思腾的外公就是绑架阿彻的幕后主使人,思腾的母亲从小到大从未违背过父亲的任何决定,即使这件事非她所愿。思腾的外公最初绑架阿彻的目的是想让阿彻答应娶他的女儿,阿彻是他遍寻三年认为最有资格做他女婿的人,但阿彻即使在命悬一线的关头也没有答应,这才让思腾的外公采取了极端的手段,也让思腾以试管婴儿的方式来到了这个世界。

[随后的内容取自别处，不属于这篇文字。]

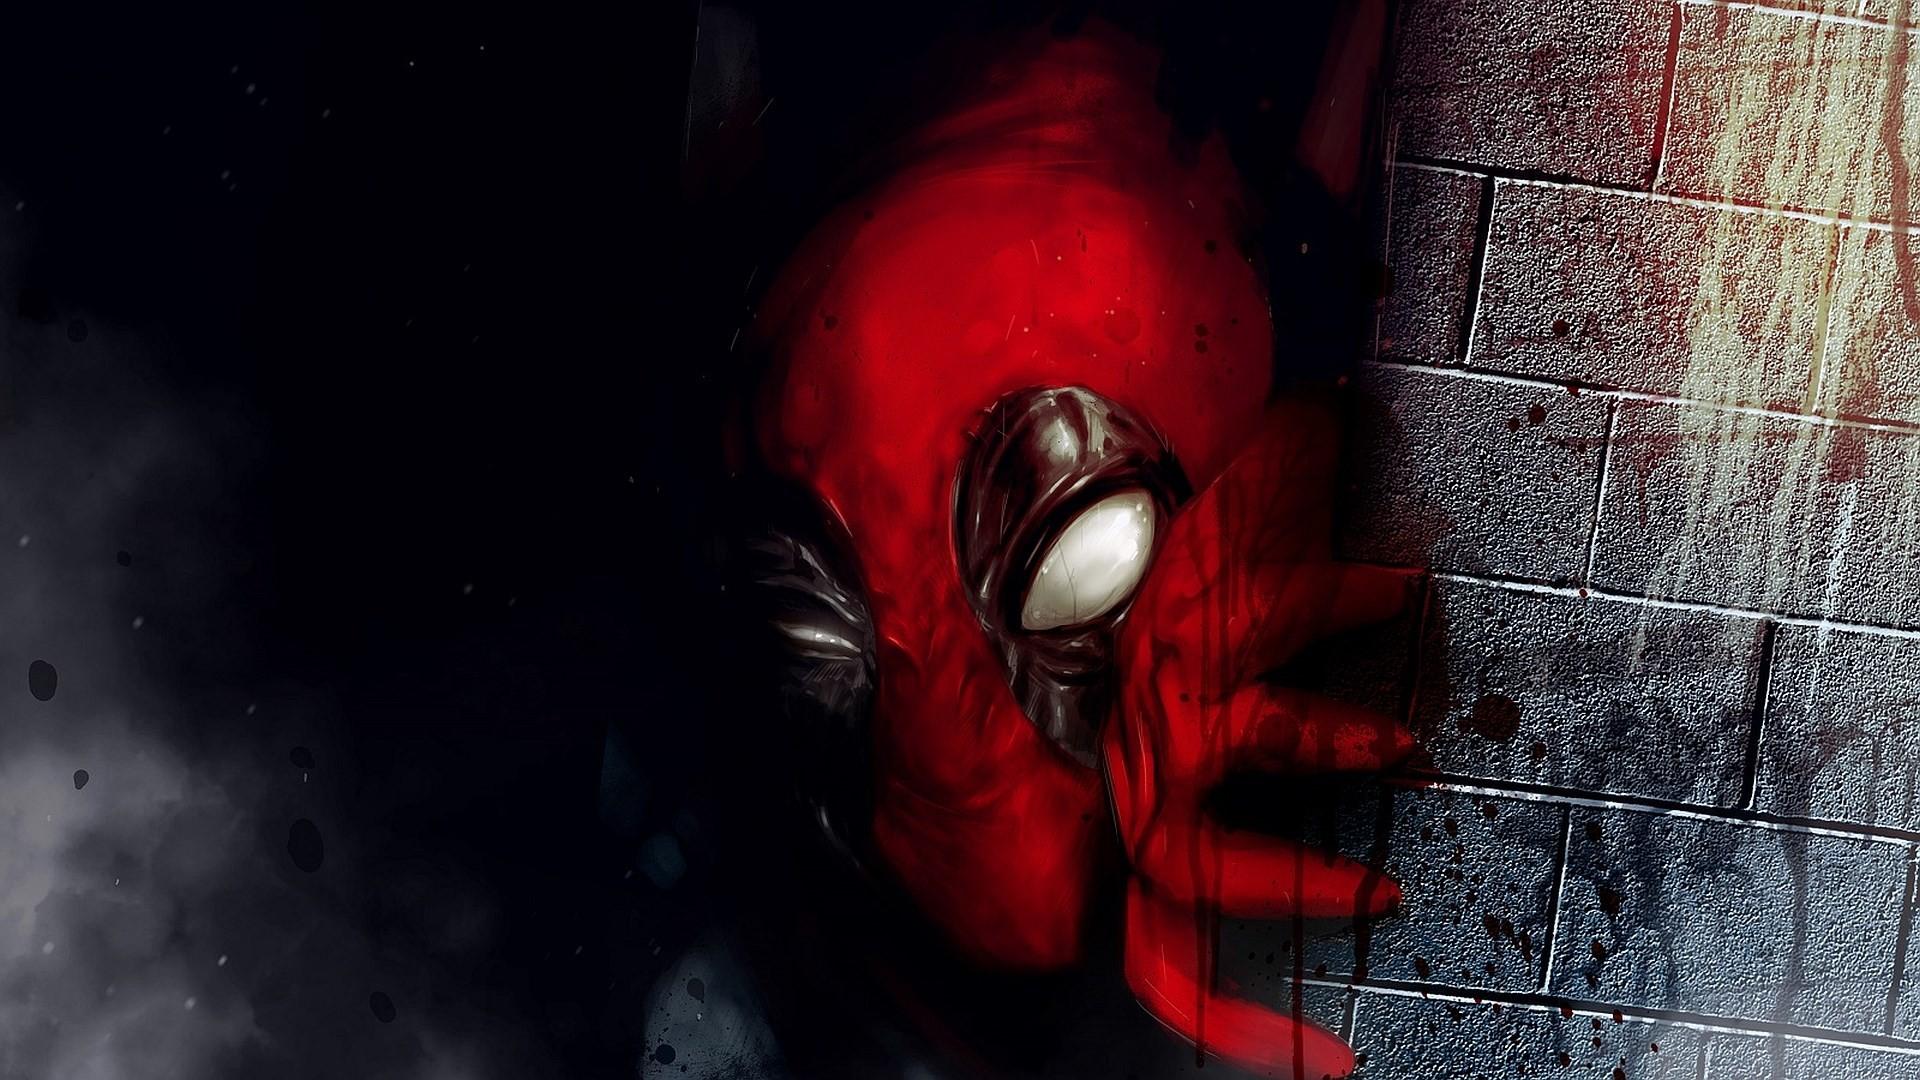 1000 Ideas About Deadpool Hd Wallpaper On Pinterest: Deadpool 1080p Wallpaper (79+ Images

思腾出生前的那个夜晚是阿彻和思腾母亲的第二次见面,去医院的路上,载着思腾母亲的车子遭到了严重撞击,对方是冲着思腾外公去的,可最终却连累了思腾的母亲。到医院的时候,她的身体状况已经十分不好,但却坚持让医生保住了孩子。
思腾是在凌晨出生的,思腾的母亲用尽生命最后一丝力气肯求阿彻把孩子抱走,亲自养育成人。而对思腾外公说出的最后一句话就是不希望自己的儿子像她一样长大,因为她的人生并不快乐……”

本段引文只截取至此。